It took Seiko seven years to develop the Professional Diver’s 600m watch for saturation dives. The watch introduced more than 20 innovations when it was launched in 1975.

A Diver’s Tool 

Omega and Seiko, however, chose a very different approach to solving the helium problem: instead of improving an existing watch, they both went back to the drawing board. One result was the Seamaster 600 “PloProf” (Plongeur Professionel) from 1970 that was built to be more robust than any other watch from the company before. From an ad from that period: “We also put the 600 through our helium test. Helium, having much smaller molecules, can penetrate where water can’t. So if a watch is proof against helium, it’s proof against just about everything else. This test showed that the 600 is one hundred times as air- and water-tight as the Apollo spacecraft.” Another ad from Omega explained the three major innovations like this: “we carved the Seamaster out of one block of stainless steel; no joints behind. Then we gave it a heavy, hardened mineral glass, which actually screws in. We gave it a turning elapsed-time bezel, which has its own lock to prevent accidental moving. We gave it an extra-safe, twin-locking crown.” Seiko, too, went with a monobloc case construction for its 1975-introduced professional dive watch, the 6159-7010 with a guaranteed water resistance of 600 meters (a watch that was, like the PloProf, in fact much more water resistant than this). The Seiko, however, took seven years to develop and resulted in 20 patents. The 6159-7010 was also built in a way that it could withstand the pressure differences without having to rely on an additional opening in the case, but came with a protective shroud, taking into consideration the heavy underwater work of its customers. On the other hand, both the Seiko and the Omega came with a design, size and price that prevented it from being worn by a large group of consumers, while the Sea-Dweller looked much more like a regular watch both underwater and onshore.

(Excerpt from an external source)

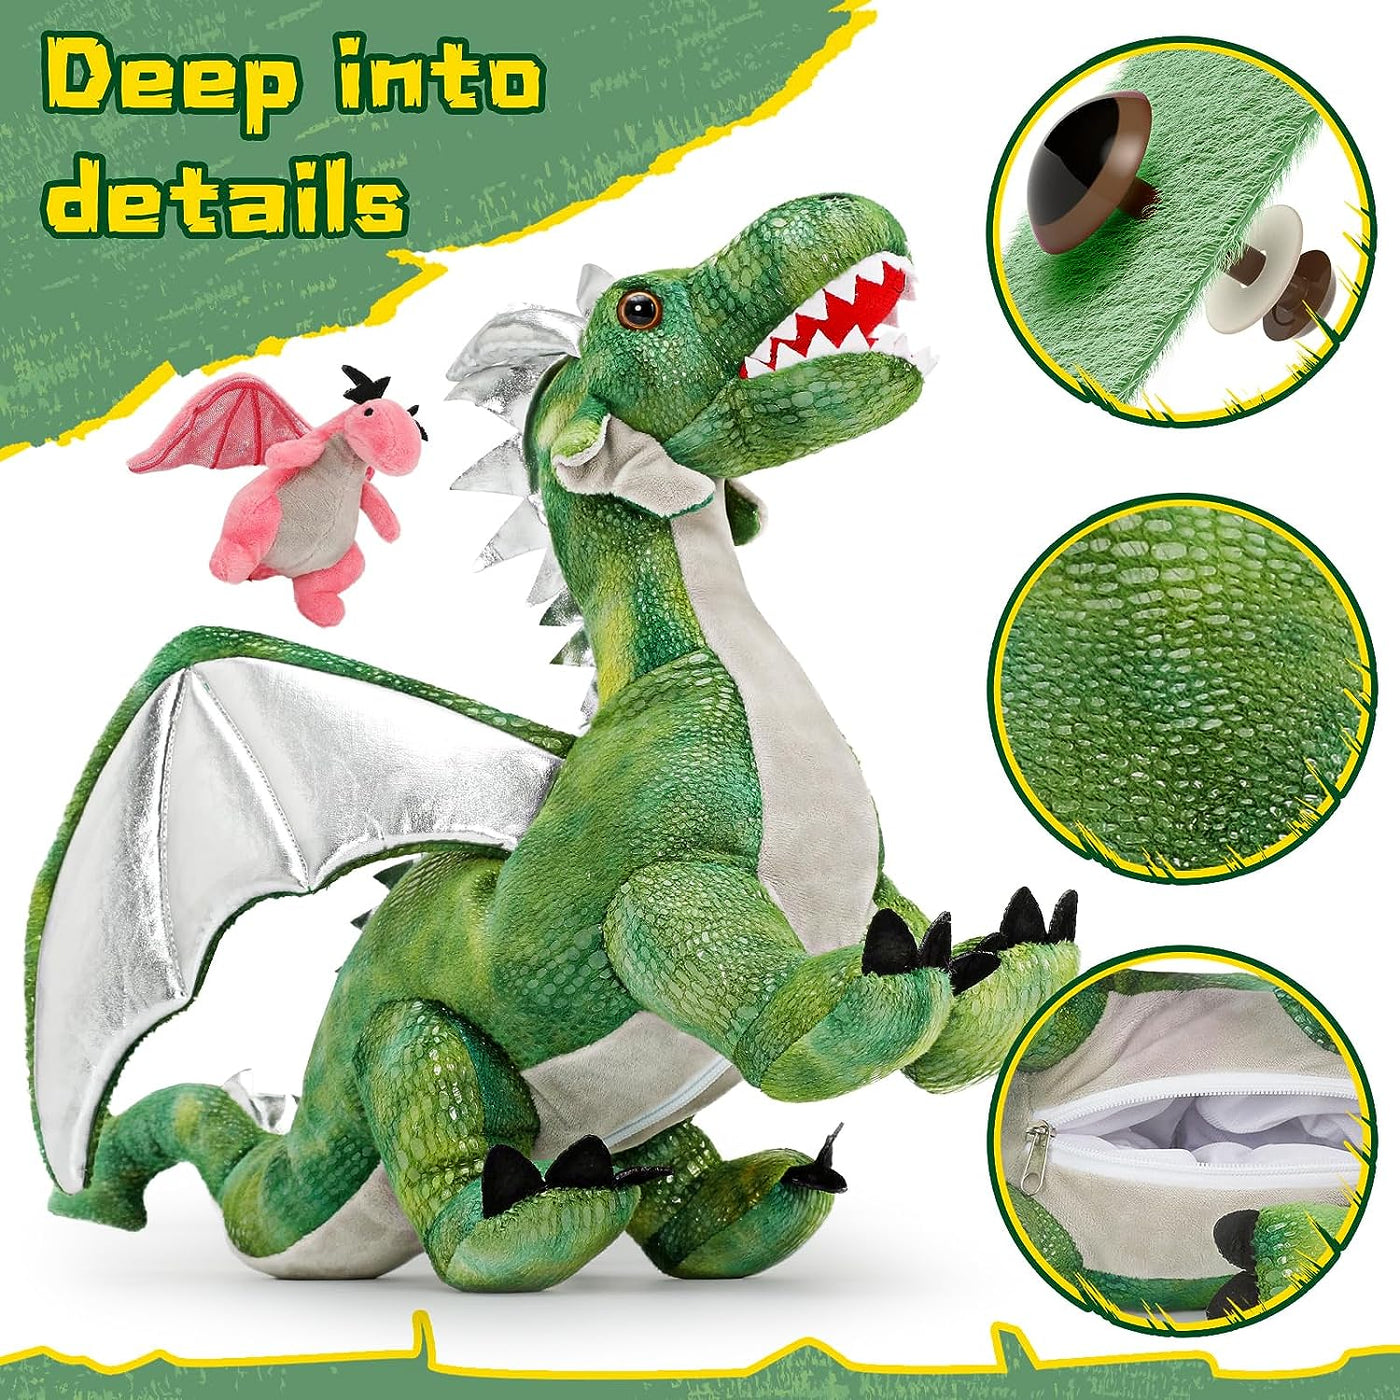 7 Pcs Dragon Plush Stuffed Animal,21'' Large Stuffed Dragon Plush Bulk

All three models also undoubtedly helped improve the quality of dive watches substantially. In 1966, the British Sub-Aqua Club (BSAC) had set up an investigation committee for diving equipment, including dive watches, which back then were deemed not only “a vital part” of the diver’s equipment, but apparently also the most troublesome. In 1968, BSAC member Geoff Harwood concluded that “the majority of the complaints and allegations of faulty equipment and unsatisfactory dealings with manufacturers and distributors have been concerned with diving watches” — which led to the decision “to carry out a survey in order to determine the extent of the problem.” Harwood’s conclusion was not as encouraging as the industry might have hoped for, “since so few of each make are represented, we cannot draw a conclusion as to ‘best buy’ or to definitely not recommend a certain watch.” And added, “[E]ven if you buy an internationally famous watch costing over £50 you still stand a fair chance of finding it full of water when you come to start your decompression schedule after a deep dive.”

The Aqualand from Citizen officially debuted in 1985 and was the first dive watch equipped with a digital depth indicator.

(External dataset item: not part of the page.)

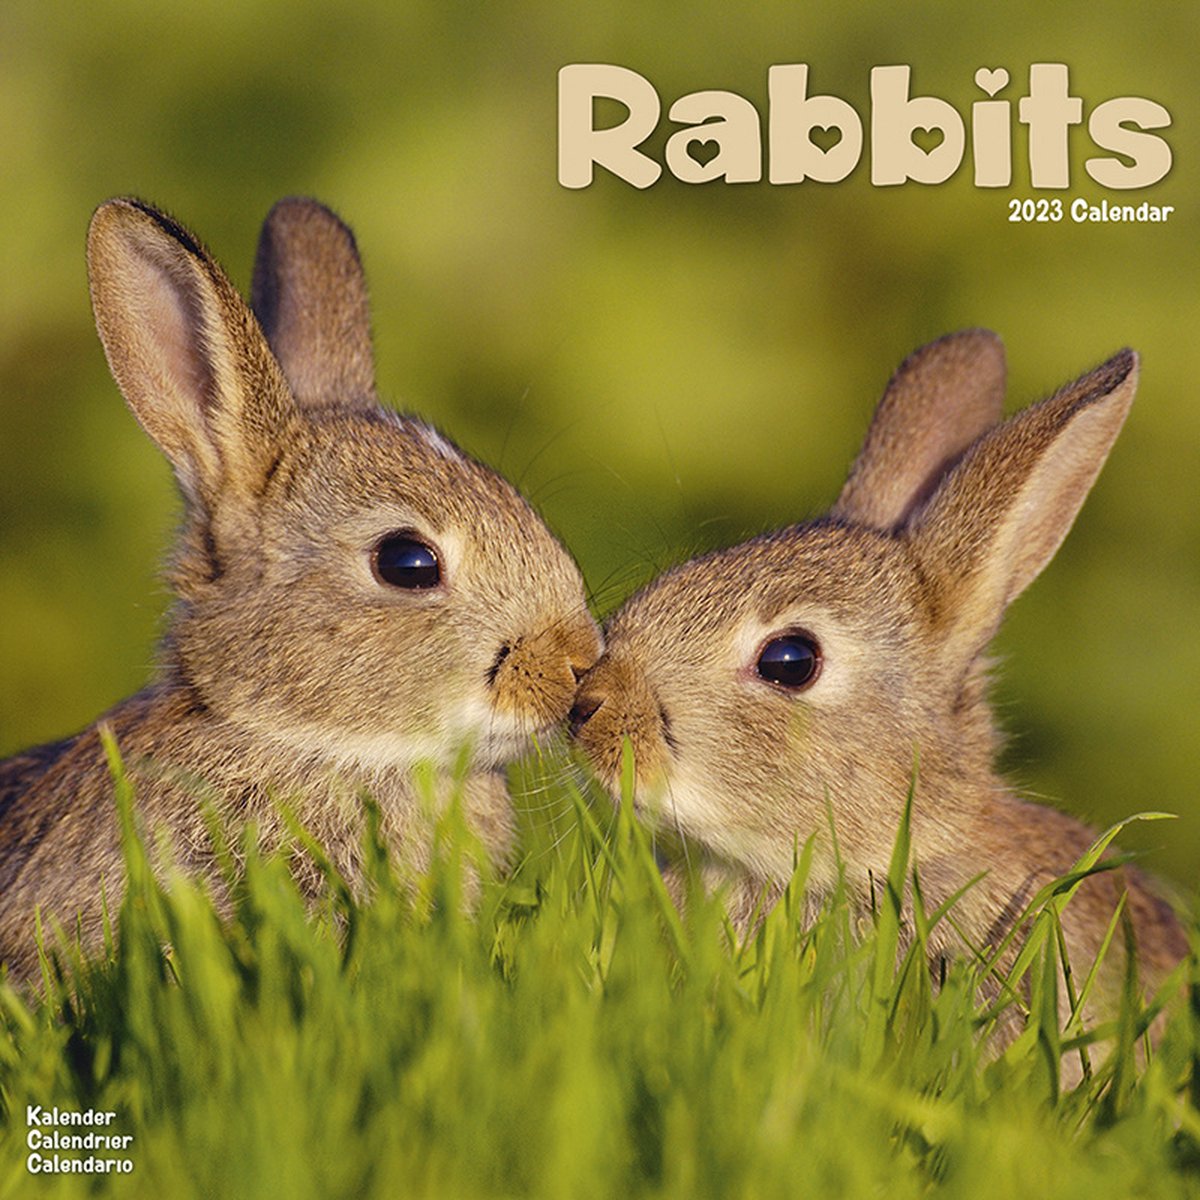 Rabbits Kalender 2023

Or, as Robert R. Springer wrote in his Skin & Scuba Diver’s Digest of 1975, “At one time an oddity, today, specially constructed waterproof and pressure-resistant watches have become something of a status symbol among the socalled beautiful people — even though most of them never reach depths greater than the bottom of a martini glass. The practicing scuba diver, however, needs a functional item, rather than an impressive one. And, in looking for an underwater watch, it pays to be highly selective.”

Becoming an Ambassador of the Sea 

In 1983, while the watch industry was slowly starting to recover from its worst crisis to date, the Orca Edge hit the market as the first commercially viable dive computer. Watch brands at that time mostly focused on making dive watches more water resistant (the IWC Ocean 2000 from 1984, for example, was the first serially produced dive watch water resistant to 2,000 meters), and multi-function quartz watches and dive computers quickly started to reduce the mechanical dive watch first to the role of a backup instrument, then mostly a status symbol, as observed by Springer in 1975. In 1990, Seiko launched the “world’s first computerized diver’s watch,” equipped with a water sensor and depth sensor that displayed diving time and depth. Five years before, Citizen had introduced the first Aqualand and also the first quartz watch to incorporate an electronic, digital depth gauge. Despite the existence of a more versatile (and often less expensive) option, dive watches have become one of the most successful categories for luxury watch manufacturers in recent years. The Submariner from Rolex, for example, ranks on positions 2 and 5 on Chrono24’s most popular list from 2020. Even at Breitling, a brand traditionally synonymous with pilots’ watches, the Superocean dive watch has become the brand’s most popular watch category. It’s hard to imagine Tudor’s recent rise to fame without the 2016-introduced Black Bay dive watch, or Rado’s success among watch collectors and enthusiasts without the re-introduced Captain Cook from 2017. Even Seiko has based most of its recent global success on the Prospex dive watch collection. And Panerai, the former supplier of the Italian Navy, was resurrected in 1993 exclusively as a watch brand. Last but not least, since 1995, Omega has been equipping the world’s most famous spy with a Seamaster dive watch, and by doing so has created one of the most recognizable luxury watches of the industry.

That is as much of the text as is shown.